Finding position from velocity (trig function)

[tasveerk]

Homework Statement

S(0)=3, find S(2) position wise.

Homework Equations

V(t)=xsin(x^2)

The Attempt at a Solution

I tried to integrate with u-substitution and I got -t^4/4cos(t^2). I tested it by taking the derivative and it didn't work out.

 

[SammyS]

v(t)=\frac{dx}{dt}\quad\to\quad\frac{dx}{x\sin(x^2)}=dt

Is the equation on the right what you integrated?

 

[tasveerk]

@SammyS,
Thanks for the reply, but I have never seen the method you used before. I understand that you manipulated the first equation to get the second, but I do not know why. If you could explain it a bit or give me a link to a website that explains it I would appreciate it.

 

[gneill]

Are you sure that your velocity function is v(t) = x*sin(x^2), where x is a distance? Is it possible that it's v(t) = t*sin(t^2) instead?

 

[SammyS]

If  \frac{dx}{dt}=x\sin(x^2)\,,

then  \frac{1}{x\sin(x^2)}\ \frac{dx}{dt}\,dt=dt\,.

But,  \frac{dx}{dt}\,dt=dx\,.

Therefore,  \frac{dx}{x\sin(x^2 )}=dt  

Now integrate both sides to find t as a function of x.

 

[gneill]

Now integrate both sides to find t as a function of x.
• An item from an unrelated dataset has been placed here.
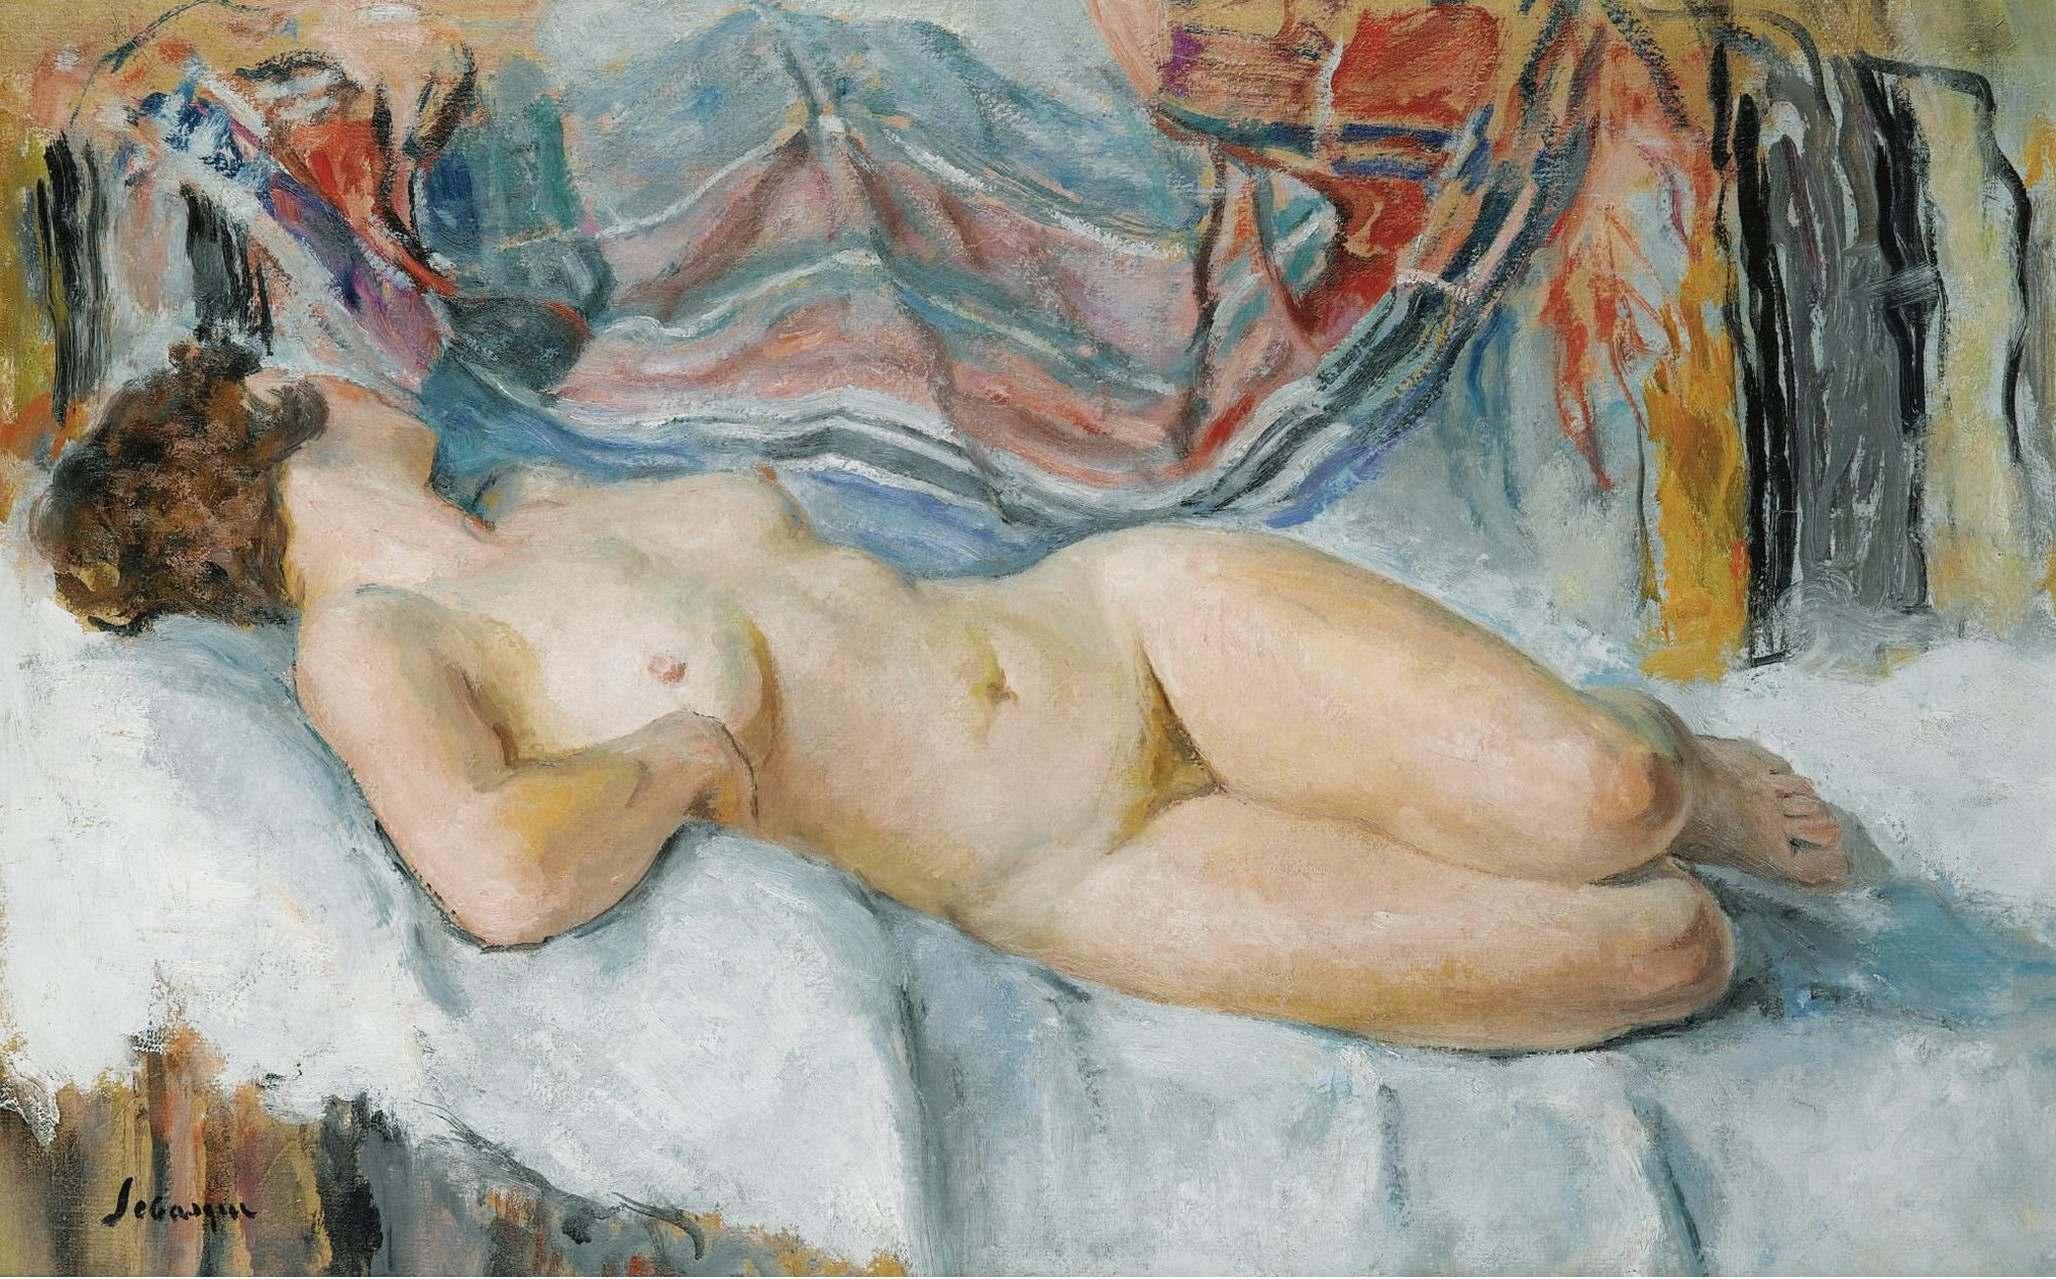 Henri Lebasque, 1865-1937. Обнаженная на постели. 1905. Частная коллекция

I think that the LHS is going to prove to be rather difficult to integrate in closed form.

 

[SammyS]

I think that the LHS is going to prove to be rather difficult to integrate in closed form.

Yes, I believe you are right about this.

Your earlier suggestion: v(t)=t\sin(t^2) is probably correct.

 

[tasveerk]

I switched t with x in the equation. Now that I think about it I'm even unsure of why I did this. Anyway, I solved the problem by taking t out of the function before integrating. Thank you all for the quick replies.